THE TASK:
Although the listing below holds pictures, reproduce only its lines from the one containing "River Phoenix - It" through the last, exactly and without them.

COLLECTED DATA:
******************************
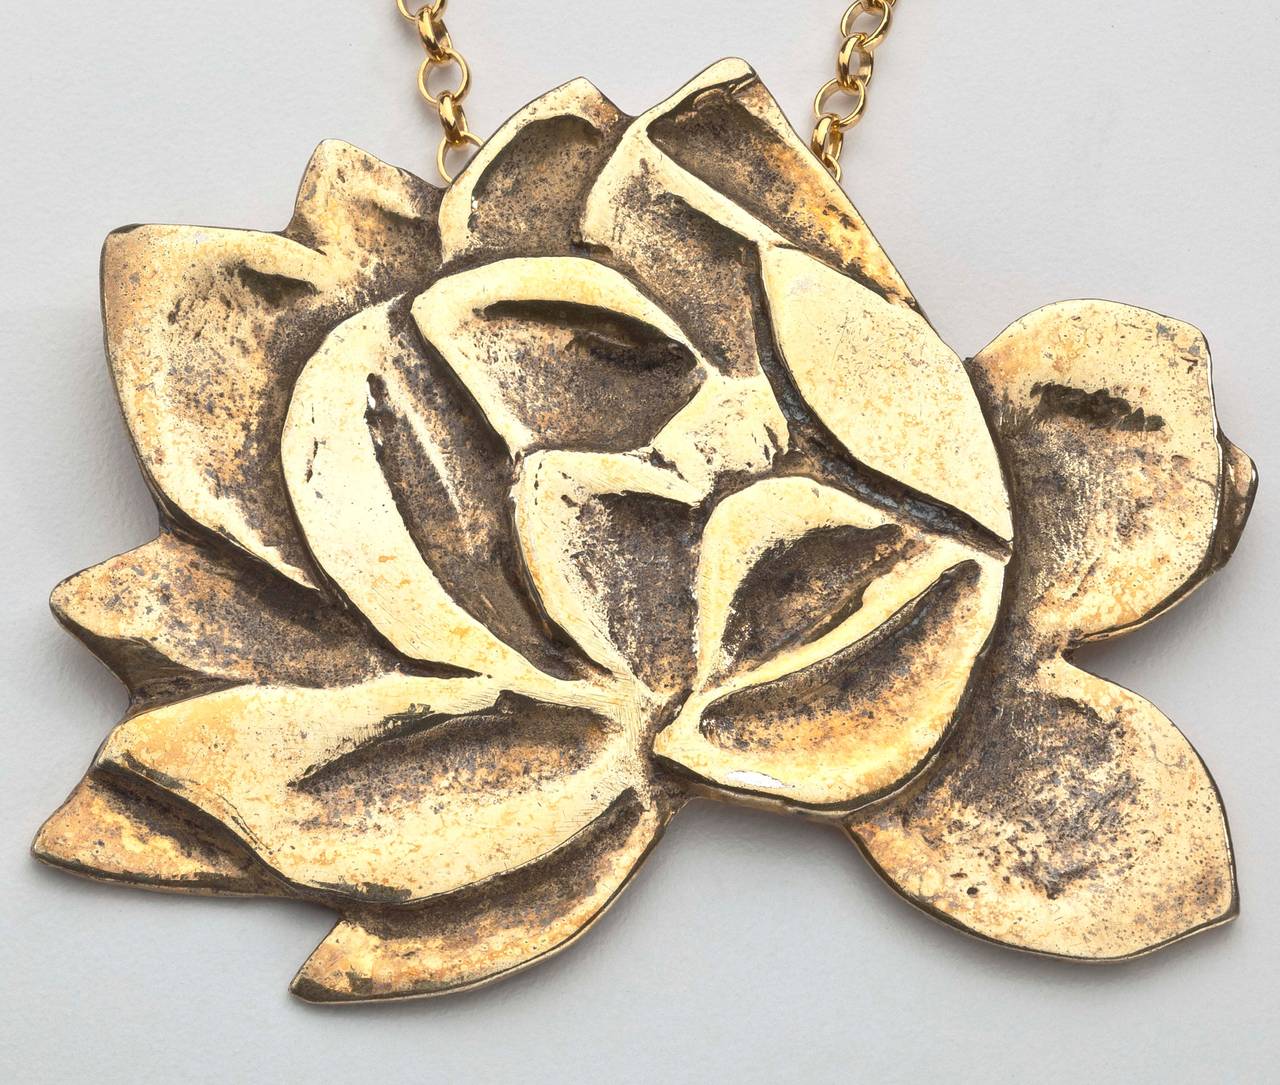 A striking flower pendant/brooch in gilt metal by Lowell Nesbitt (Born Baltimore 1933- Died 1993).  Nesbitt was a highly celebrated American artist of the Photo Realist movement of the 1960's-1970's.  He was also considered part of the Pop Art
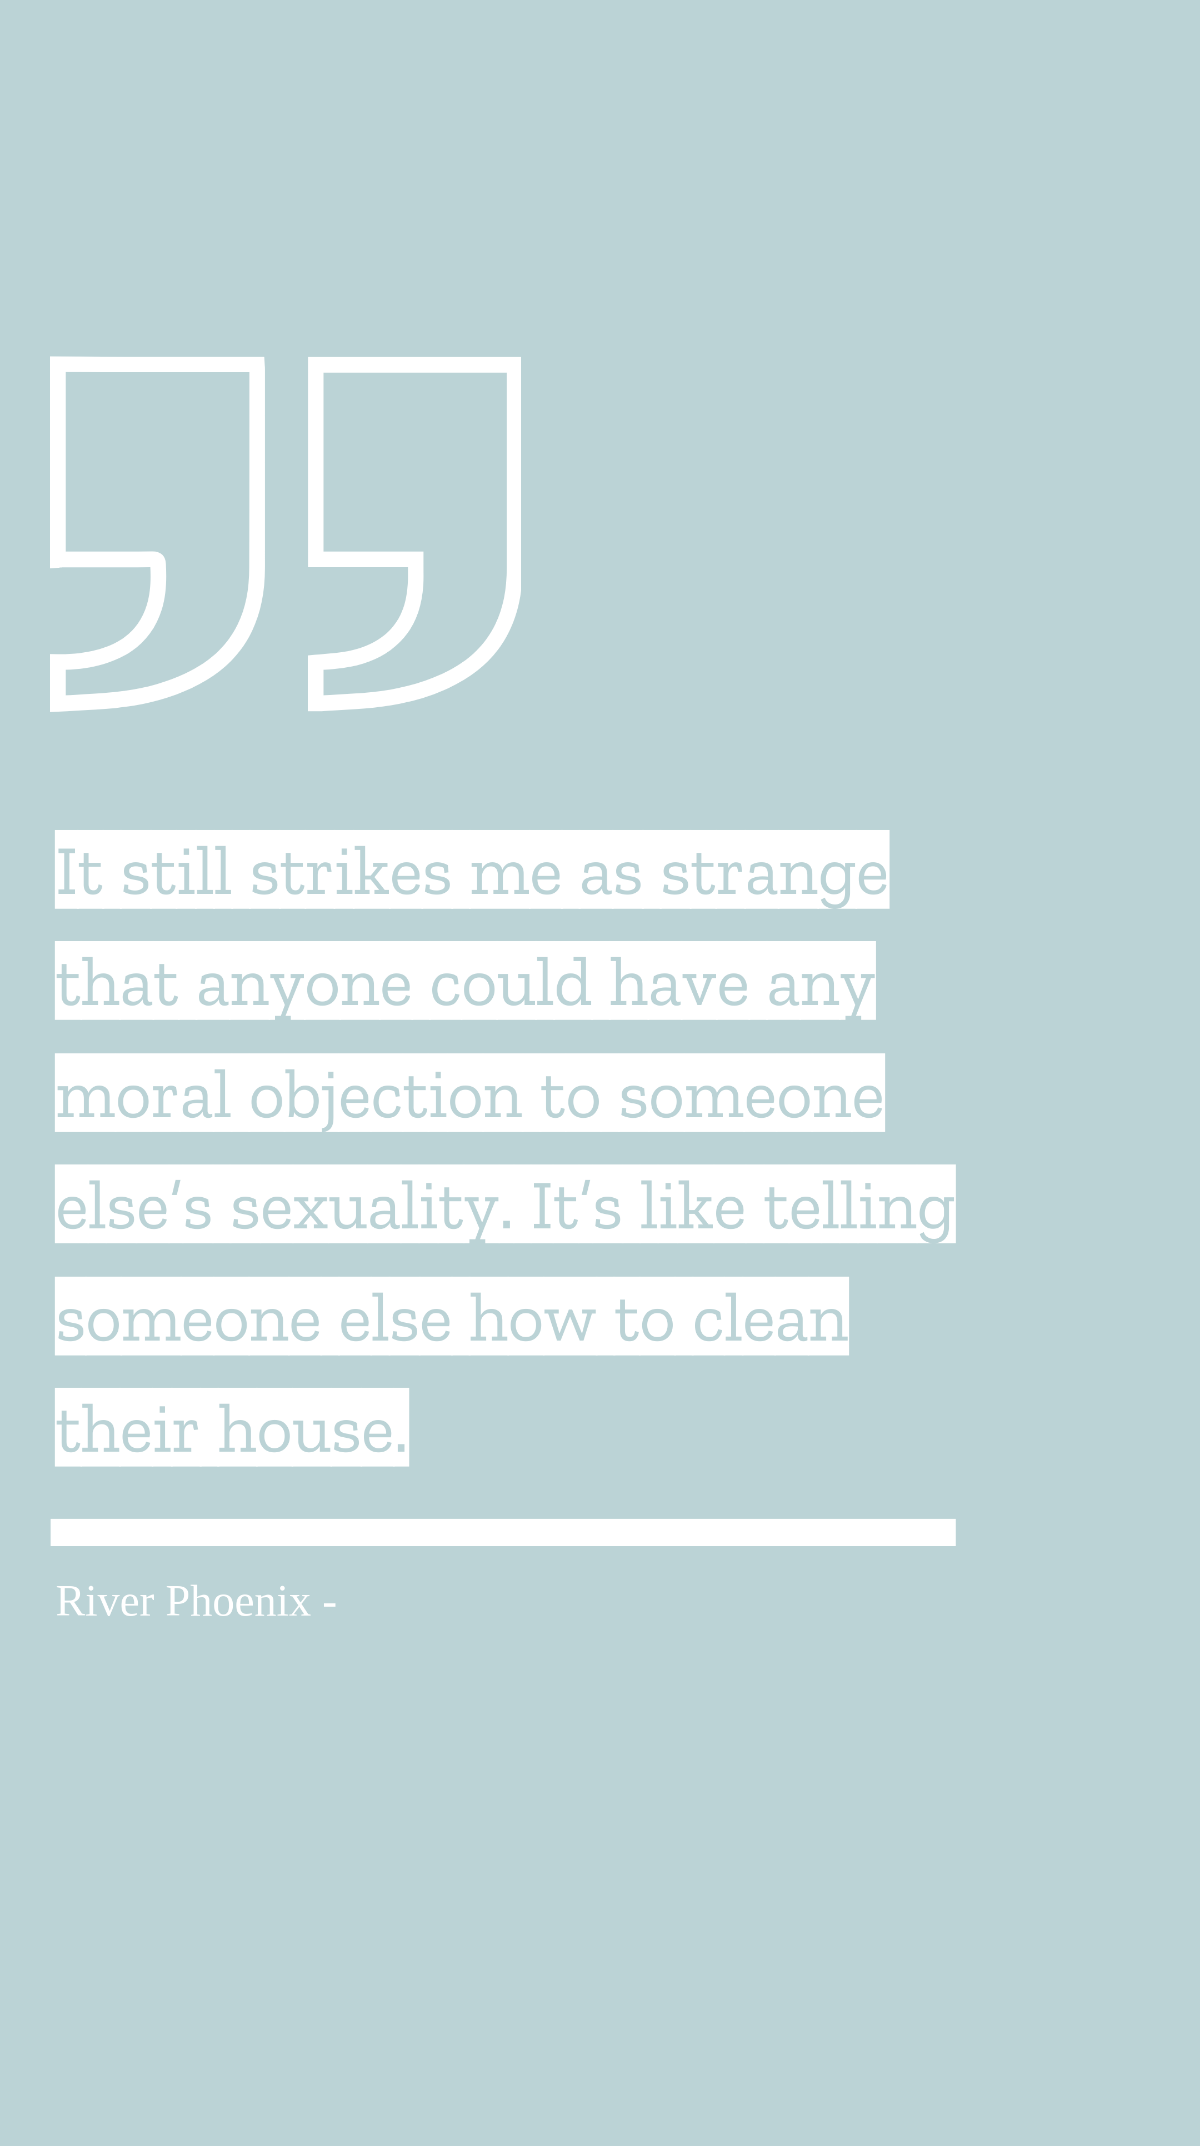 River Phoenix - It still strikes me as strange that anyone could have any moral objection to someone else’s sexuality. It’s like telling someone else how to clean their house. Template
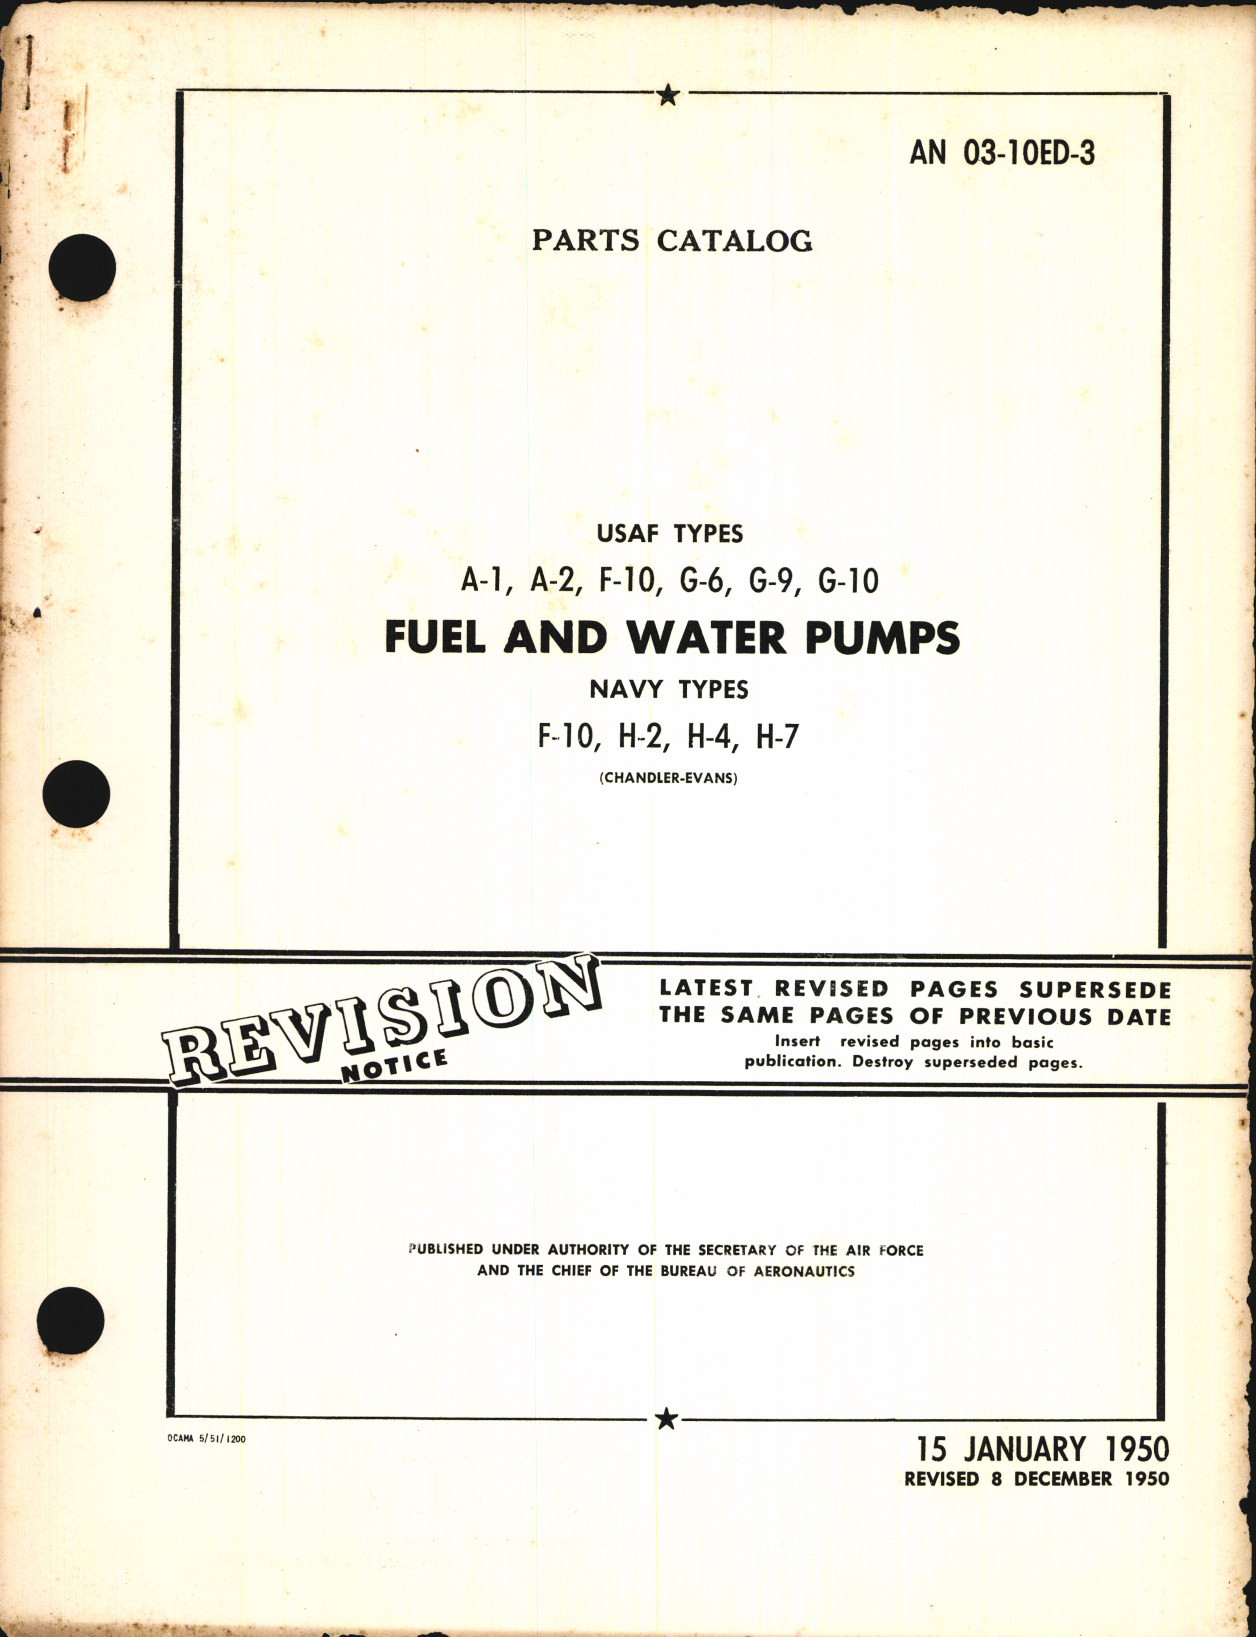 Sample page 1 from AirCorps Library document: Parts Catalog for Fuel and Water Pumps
******************************
EXPECTED ANSWER:
 River Phoenix - It still strikes me as strange that anyone could have any moral objection to someone else’s sexuality. It’s like telling someone else how to clean their house. Template
 Sample page 1 from AirCorps Library document: Parts Catalog for Fuel and Water Pumps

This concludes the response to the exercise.